Будда Шакьямуни — Шицзямуни занимает центральную позицию в пантеоне раннего китайского буддизма низовых форм. Но если среди ревнителей учения его почитают прежде всего как Первоучителя, открывшего миру Четыре благородные истины и Путь к спасению, то в среде основной массы верующих он определенно обожествляется, приобретает устойчивые признаки божественной персоны. Сама конфессиональная принадлежность буддиста-мирянина определяется краткой словесной формулой «чтил Будду», «поклонялся Будде», «уверовал в Будду». Отсутствие таковой конфессиональной принадлежности маркируется теми же терминами, но, конечно же, с противоположным знаком: «не чтил Будду», «не веровал в Будду». Всесилие Будды непререкаемо для правоверного мирянина; профан же, усомнившийся в могуществе божества, а тем более посягнувший на него, горько раскаивается в своем неверии.

Бодхисаттва Авалокитешвара — Гуаньшиинь ранее неоднократно упоминался в связи с персонально посвященным ему классом сюжетов, к обзору которого мы и адресуем нашего читателя. Не будет лишним напомнить, что бодхисаттва Милосердия является если не самым почитаемым, то определенно самым популярным божеством в пантеоне раннего китайского буддизма.

Небесный Император — Тянь-ди фигурирует в единственном эпизоде, указывающем на то, что эта божественная персона занимает главенствующее положение в запредельном мире, причем осуществляет свою верховную власть, сообразуясь с буддийскими установлениями. Согласно индобуддийской традиции, Небесный Император является верховным властителем Тридцати трех небес — Трайястримша и однозначно идентифицируется с индийским Шакрой (Индрой). По традиционной же китайской версии Небесный Император отождествляется с высшим божеством китайского пантеона — Шанди — Верховным Владыкой. Единственный эпизод, лишенный точных указаний по идентификации божественной персоны Небесного Императора, не позволяет с уверенностью принять ту или иную версию.
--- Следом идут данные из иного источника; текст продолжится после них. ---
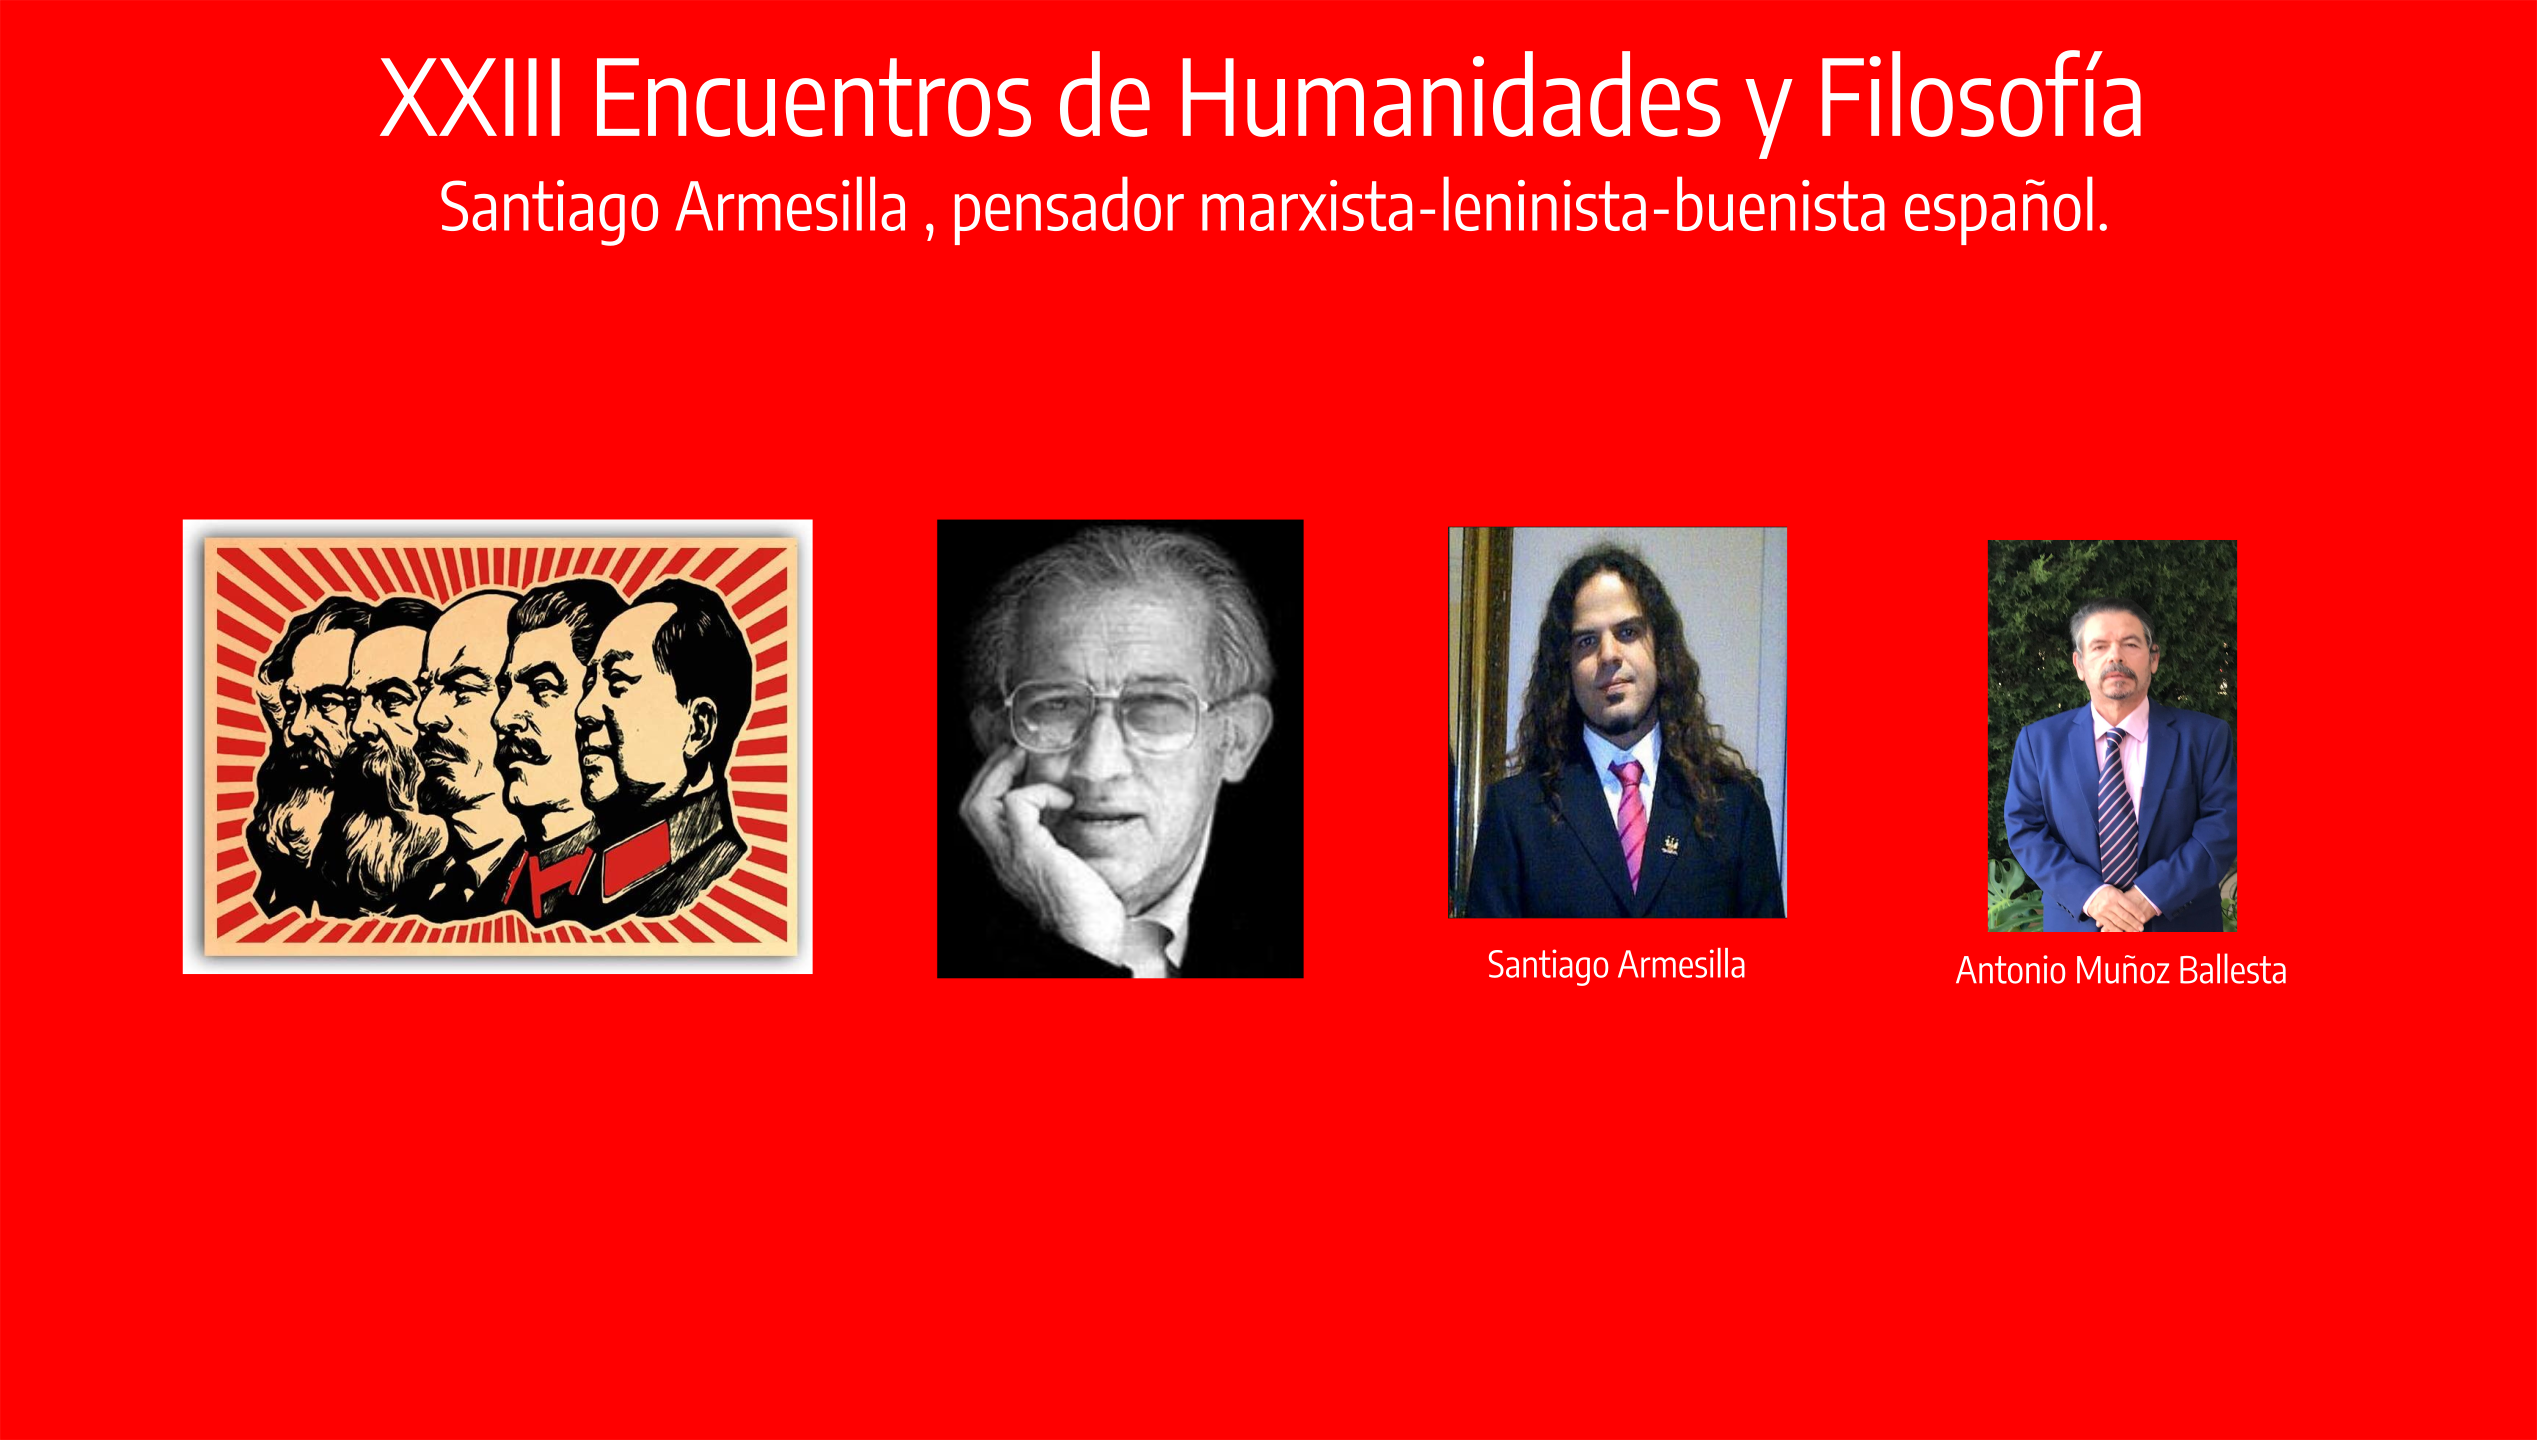 XXI Encuentros de Humanidades y Filosfofía, José Luis Pardos, Mario Bunge, Antonio Muñoz Ballesta

Но даже если правомерна вторая из них, то Небесный Император, или Верховный Владыка, приобретает несомненные буддийские признаки, становится божеством буддийского пантеона.

Всеблагой — Пусянь восходит к индобуддийскому прототипу Самантабхадре (другое имя: Вишвабхадра) — бодхисаттве, олицетворяющему первоосновы и истинность учения Будды и покровительствующему почитателям «Лотосовой сутры». Традиция Всеблагого — Самантабхадры также тесно связана с «Аватамсака-сутрой» и «Сутрой золотого блеска». В иконографии Всеблагой изображается на белом слоне, его непременный атрибут — лотос.

Будда Амитабха — Амитофо, или будда Беспредельного света, он же Амитаюс или будда Вечной (Беспредельной) жизни — центральное божество культа Страны Высшего счастья, или Чистой земли, провозглашенного в Трех сутрах: «Сутра украшений Страны счастья», «Амитабха-сутра», «Сутра созерцания Вечной жизни». Согласно давней и до настоящего времени преобладающей в буддологии точке зрения, образ Амитабхи несет на себе следы внебуддийского происхождения, содержит определенные элементы иранского влияния. Разумеется, эта точка зрения активно опровергается в апологетической, особенно японской, литературе, посвященной культу Чистой земли — наиболее популярному направлению буддизма на современном Дальнем Востоке. Персональные упоминания Амитабхи — Амитофо в коротких рассказах связаны с благостными видениями буддийских адептов, а также с райскими картинами, представшими им во сне или в состоянии религиозного экстаза.